Despite the recommendation to centralise and standardise such systems (separate to the Shared Services play), it was estimated that “standardisation and automation of transactional business processes could avoid costs of between $233 million and $465 million over seven years (the average life of an ERP system).”

“An enabler to this is the consolidation of support staff and centralisation of procurement; on its own it is estimated this would reduce costs by $118 million over the forward estimates ($99 million from reducing staff and sharing application development activities and $19 million from centralising procurement and contract management and standardising technical configuration),” Finance’s audit concluded.

Those numbers aren’t exactly of a magnitude that would tempt even hardened cost-cutters to try their luck.

Especially given the high number of “unique” systems they touch. Moreover, many of those systems will have been bedded down and largely paid for, making them less appealing to ‘rip-and-replace’ unless there’s a pressing need.

But what they do tell you is that the level of disparate, disconnected and stand alone systems is simply far too high to be sustainable and their true legacy costs will leach out one upgrade at a time unless lasting reforms are made.

Where to now?

Finance is now quietly running the ruler over all the vendors seeking whole-of-government concessions. But the new reviews by the DTA will represent the first time a federal government has run a ruler over its tech estate with a central and strategic policy agency at the helm, as opposed to the head of government housekeeping. Moreover, technology and the services and efficiencies it can deliver are no longer a ‘back-office’ issue, even if there are still plenty of back-office systems.

As New South Wales has demonstrated, swift improvements to service delivery can be made if genuine reform is mandated from the top and followed through with logical and efficient changes to business processes and structures.

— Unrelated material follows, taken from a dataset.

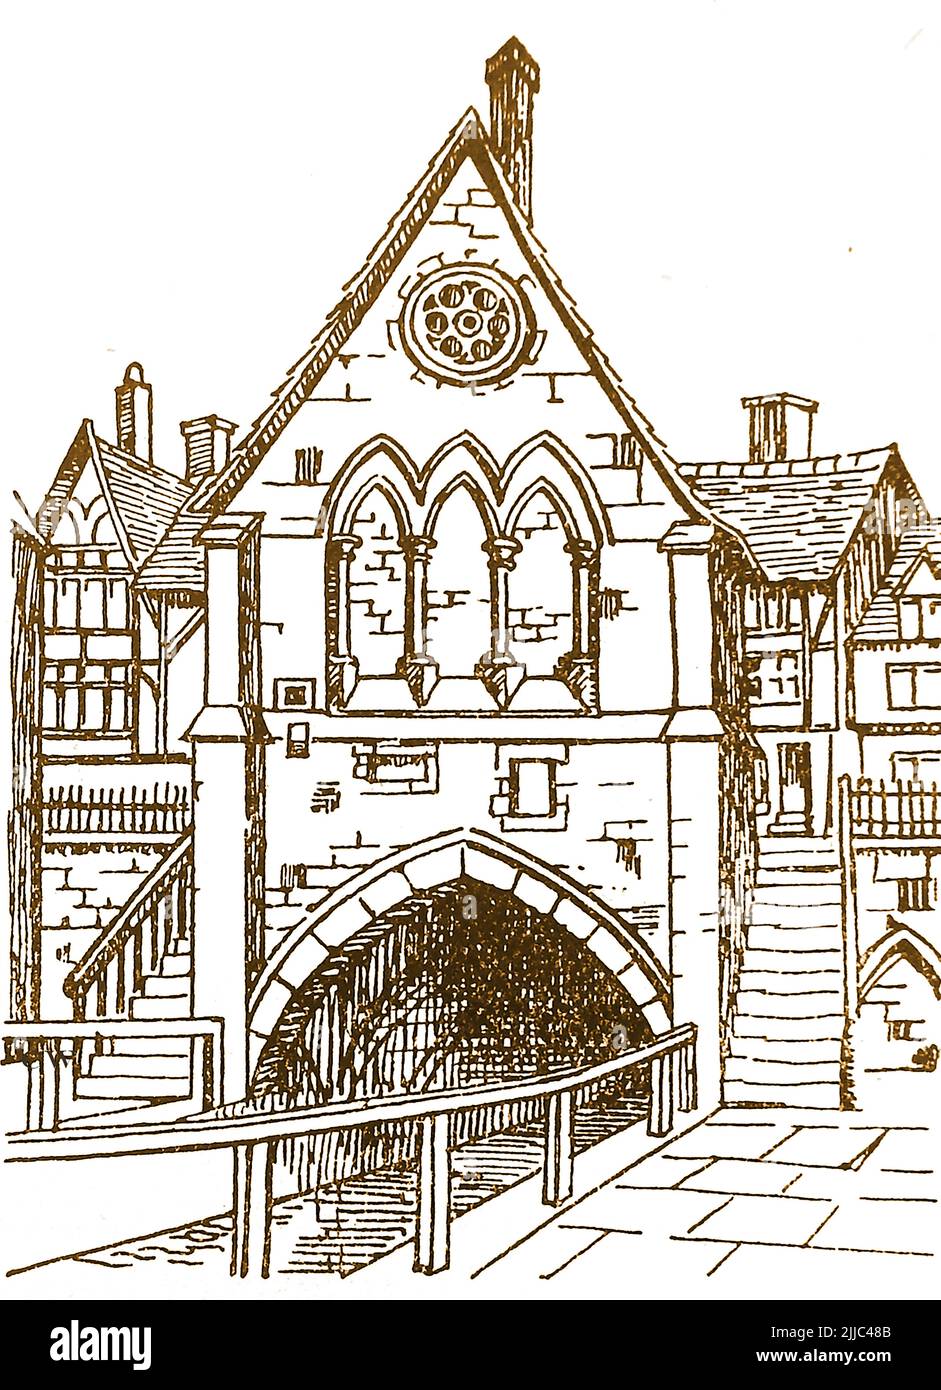 Historia de Lincoln, Inglaterra - Un viejo boceto de la antigua Capilla del Puente Alto. El puente medieval de piedra es uno de los más antiguos de Inglaterra. Cruza el río Witham y fue construido en 1160, las actuales estructuras de madera enmarcadas en el puente datan de alrededor de 1550 Foto de stock

At a public level, the elephant in the room remains to what extent a personal digital identifier will be needed for individuals – irrespective of what the government calls it – for end-user improvements to occur and whether business will also get to participate within this identity ecosystem.

Perhaps most pressing is the need to reform the massive levels of complexity that underpin the business rules that any technology relies upon in areas like welfare and social security.

That will require not only political will, but an informed and judicious risk appetite from the public service as well.

The longer reform is put off, the harder it gets.